Facial electromyography (EMG) results. Please see the legend of Fig. 3 for component descriptions of the boxjitter plots. Panel A: zygomaticus major (ZM). Panel B: corrugator supercilii (CS). The EMG results showed a significant interaction between emotion (positive, negative) and presentation condition (video, live), which consisted of significant differences between the positive-live and positive-video conditions, but not between the negative conditions.

The ZM also showed a significant main effect of emotion, with greater muscle activation under the positive conditions than under the negative conditions as well as an interaction between emotion and presentation condition (Table 3). Simple effect analysis showed greater muscle contraction in positive-live than in positive-video condition (estimate = 0.0225, SE = 0.00074, df = 67.7, t = 3.024, two-tailed p = 0.0035), but no difference between the negative-live and negative-video conditions (estimate = −0.0069, SE = 0.0074, df = 68.2, t = −0.929).

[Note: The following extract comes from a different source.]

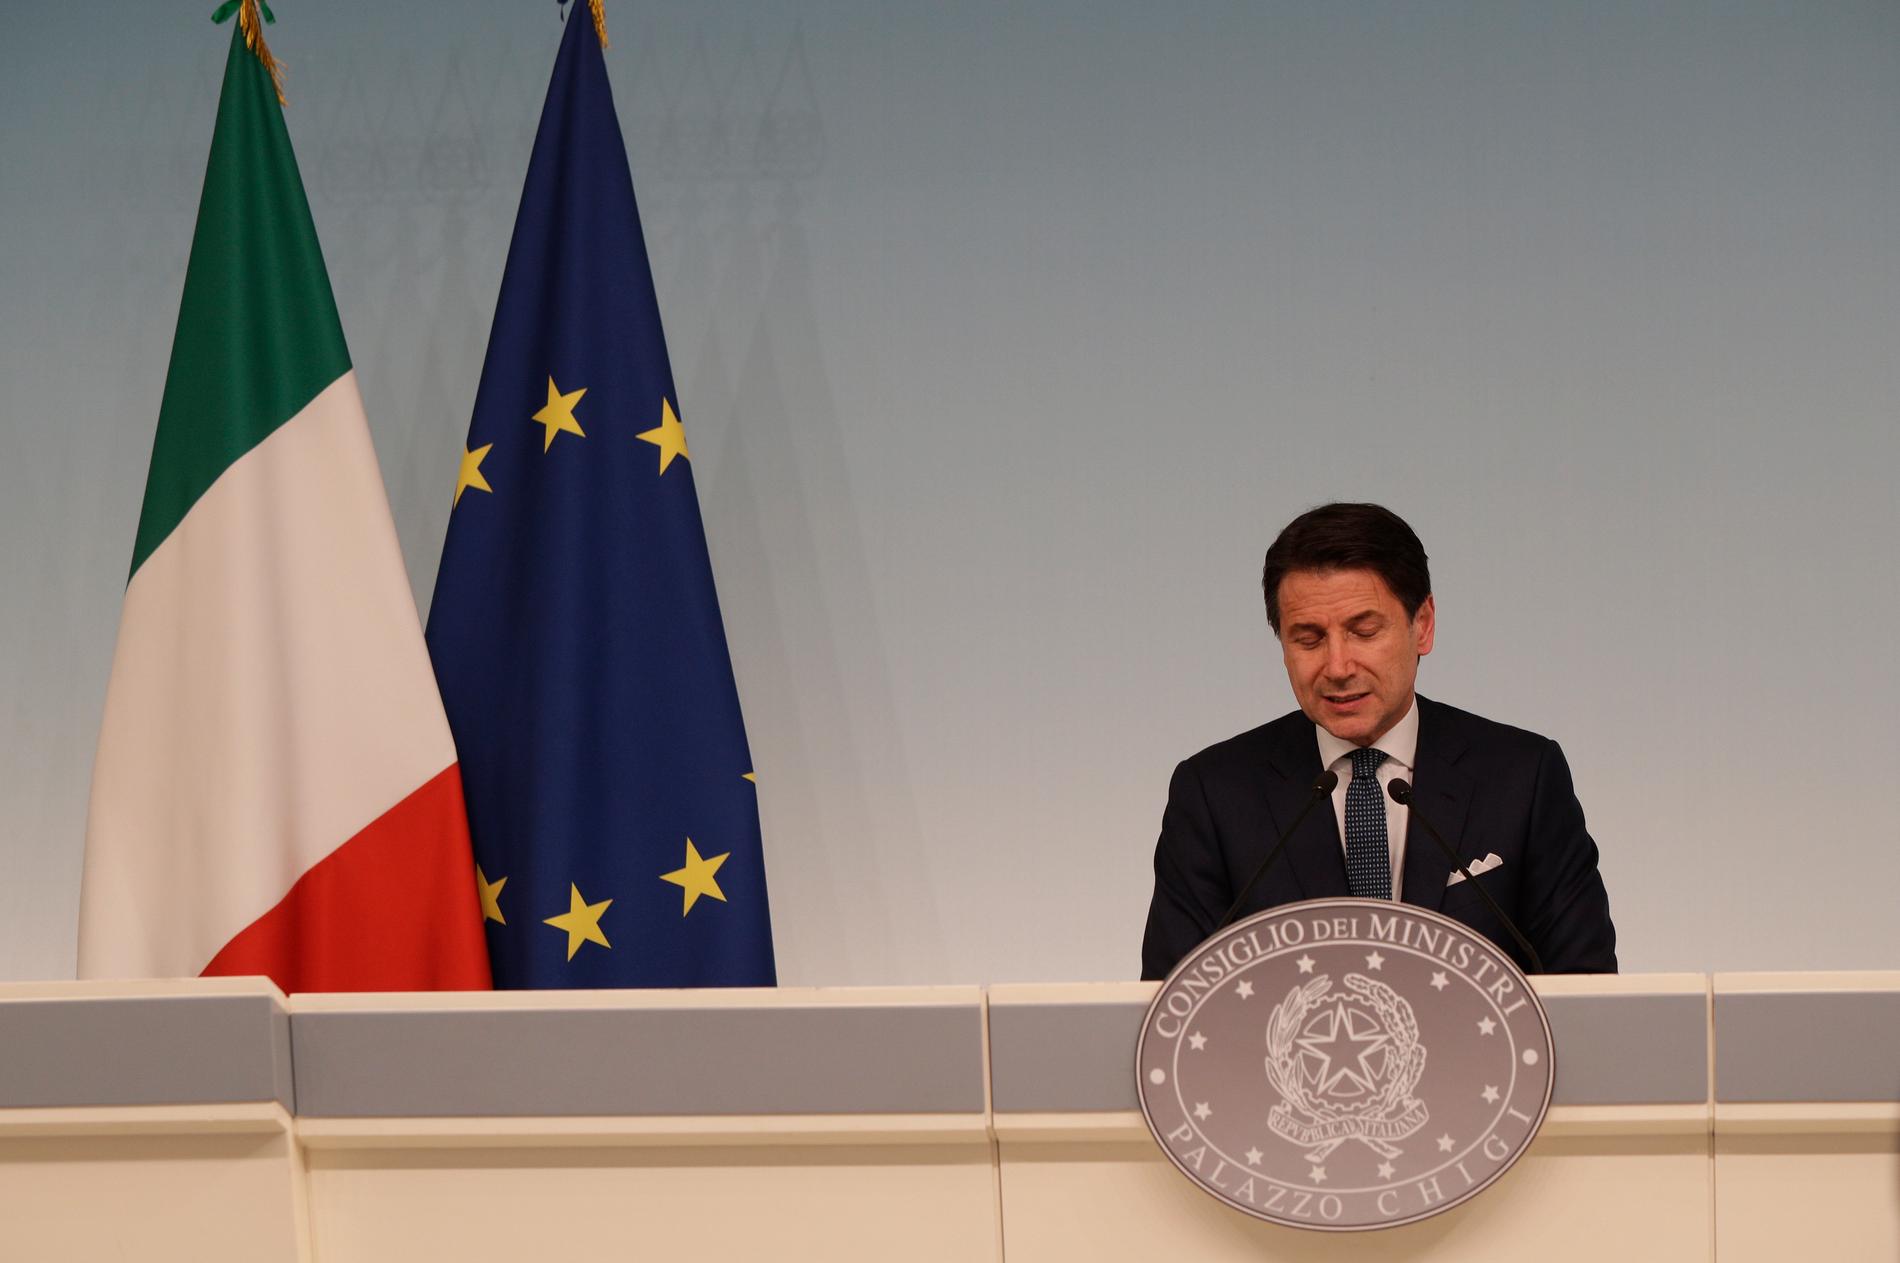 Italiens premiärminister Giuseppe Conte, en av spelarna när makten om Italien, Europas tredje största ekonomi, ska avgöras.
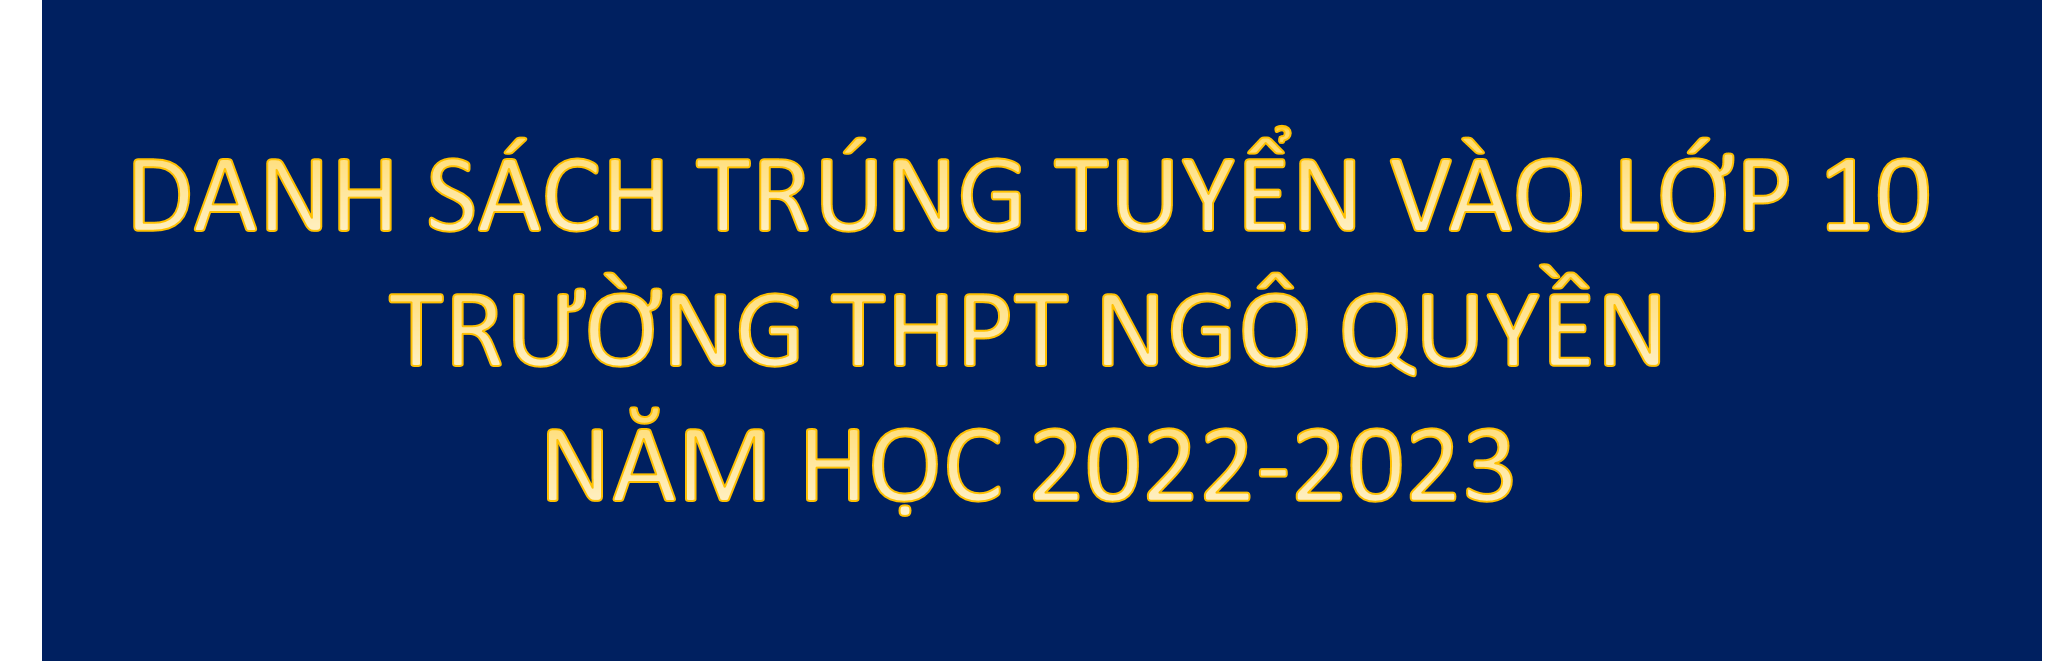 Thông báo danh sách trúng tuyển lớp 10 trường THPT Ngô Quyền,năm học 2022-2023

Table 3 Statistical summary of zygomaticus major reactions.

The CS showed a main effect of emotion, with the CS less active under the positive conditions than under the negative conditions, as well as an interaction (Table 4). Simple effect analysis showed less activity under the positive-live condition than under the positive-video condition (estimate = −0.024, SE = 0.0096, df = 51.3, t = −2.467, two-tailed p = 0.017), but no difference between the negative-live and negative-video conditions (estimate = −0.002, SE = 0.0096, df = 50.6, t = −0.212). In addition, the by-subject random slope of the presentation condition exhibited a clear positive correlation with the random slope of emotion (Table 4, 95% CI = 0.455, 0.474).

Table 4 Statistical summary of corrugator supercilii reactions.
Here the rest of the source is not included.